Considérée comme une technique de fabrication semi-additive en raison de son processus en deux étapes. Les feuilles de matériau sont collées entre elles puis un laser vient découper à la forme choisie avant qu’une nouvelle feuille de matériau soit collée etc.. Quand le matériau utilisé est du papier on parle alors de Le Laminage par Dépôt Sélectif ou en anglais Selective Deposition Lamination

Quelle est la plus grande usine d’impression 3D ?

En termes de nombre de pièces, la plus grosse usine productrice est Align Technology qui produit un demi-million de gouttières dentaires par jour. Mais il existe de nombreuses usines d’impression 3D métal ou polymère ou généralistes sur tous les continents. A ce jour, aucune usine dédiée uniquement à l’impression 3D alimentaire n’a été lancée.

Les objets 3D sont ils durables ?

Si les premiers matériaux utilisés en impression 3D étaient des résines plus destinées à des rendus ou des maquettes, ce n’est plus du tout le cas aujourd’hui ! Par exemple, des pièces imprimées en 3D sont utilisées dans les moteurs des avions d’Airbus ou de Boeing. Tous les jours, on utilise des objets 3D imprimés dans le secteur médical, dans l’industrie manufacturière comme n’importe quelle autre pièce de production ! Les technologies de fabrication additive ne viennent pas modifier les propriétés du matériau de base. Dans certains procédés d’impression 3D métal les propriétés mécaniques des objets 3D imprimés sont même supérieures à celles des pièces forgées.  

Quelles sont les spécificités de l’impression 3D alimentaire ?

Les imprimantes 3D alimentaires fonctionnent grosso modo comme les imprimantes à dépôt de fil personnelles et sont apparues très vite dans les labos universitaires et les fablab. Elles impriment de la nourriture véritable, contenue généralement dans des seringues. Certaines imprimantes fonctionnent également par dépôt de liant. Imprimer de la nourriture pose de nombreuses problématiques. Tout d’abord au niveau de la texture du matériau en entrée. Ensuite l’autre gros problème est la tenue de l’objet 3D imprimé. Imprimer des aliments nécessite également de respecter les normes d’hygiène et de sécurité alimentaire. Cela a un fort impact sur la construction des machines !

Imprimer de la nourriture : est ce possible ? pour quoi faire ?

Il est temps de lever tout de suite une ambiguïté : les imprimantes 3D ne sont pas là pour remplacer les cuisiniers et les pâtissiers ! Comme dans les autres secteurs où l’impression 3D connaît des applications productives, cela vient en complémentarité des autres techniques de fabrication. Parmi les grands avantages de l’impression 3D on peut citer :

  • la réduction de la perte de matériau,
  • le sur-mesure et la personnalisation,
  • la capacité à produire des designs complexes,
  • le gain de temps…

2. Le lexique de l’impression 3D et de la fabrication numérique pour l’alimentaire

Vous retrouverez ici les principaux termes utilisés dans la fabrication numérique et l’impression 3D alimentaire, en tout cas ceux que nous utilisons au quotidien. Nous avons essayé d’être le plus exhaustif mais il nous manque sûrement des entrées, n’hésitez pas à nous écrire pour le compléter !

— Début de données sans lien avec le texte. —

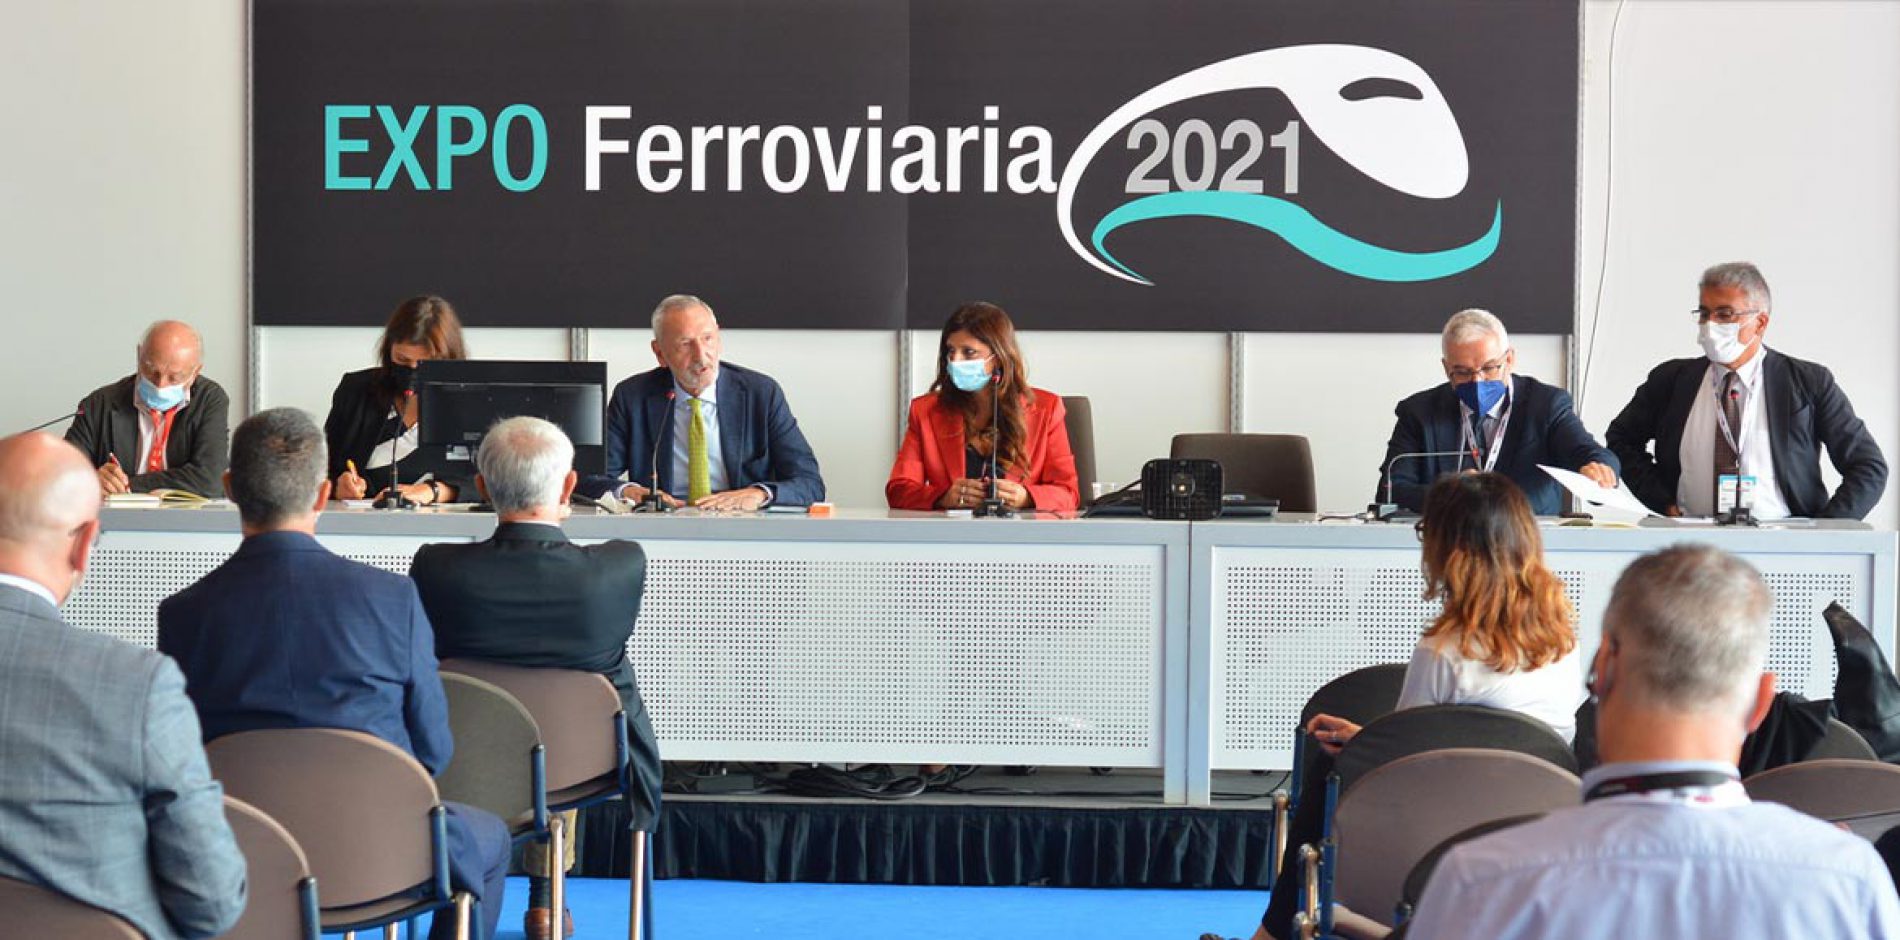 EXPO Ferroviaria 2021: le parole di Nietta Novielli, Amministratore Unico di AIAFF

Le lexique étant déjà très volumineux (100 entrées), nous avons décidé de le séparer de cet article, il se trouve sur cette page.

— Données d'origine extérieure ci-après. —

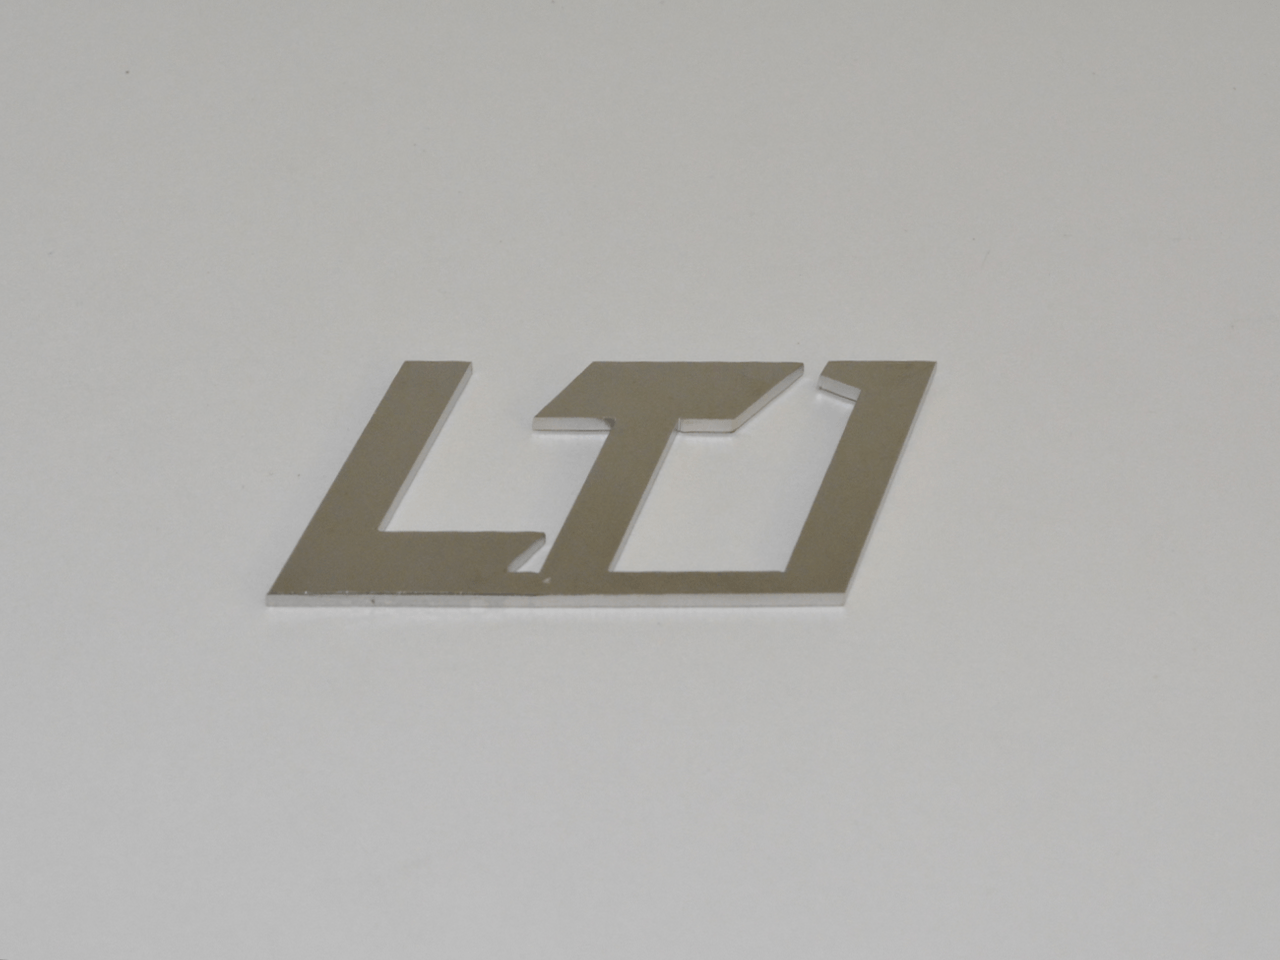 LT1 Emblem; - MorrisClassic.com, emblem

En conclusion, l’impression 3D alimentaire a beaucoup à voir avec le monde de l’impression 3D et beaucoup de contraintes à intégrer en provenance de la production alimentaire. Les imprimantes 3D d’aliments sont apparues il y a bientôt 15 ans. Et pourtant nous sommes loin de voir des imprimantes dans les restaurants du monde entier. Dans les prochains articles, nous allons nous pencher sur les matériaux et les défis à relever pour l’impression 3D alimentaire.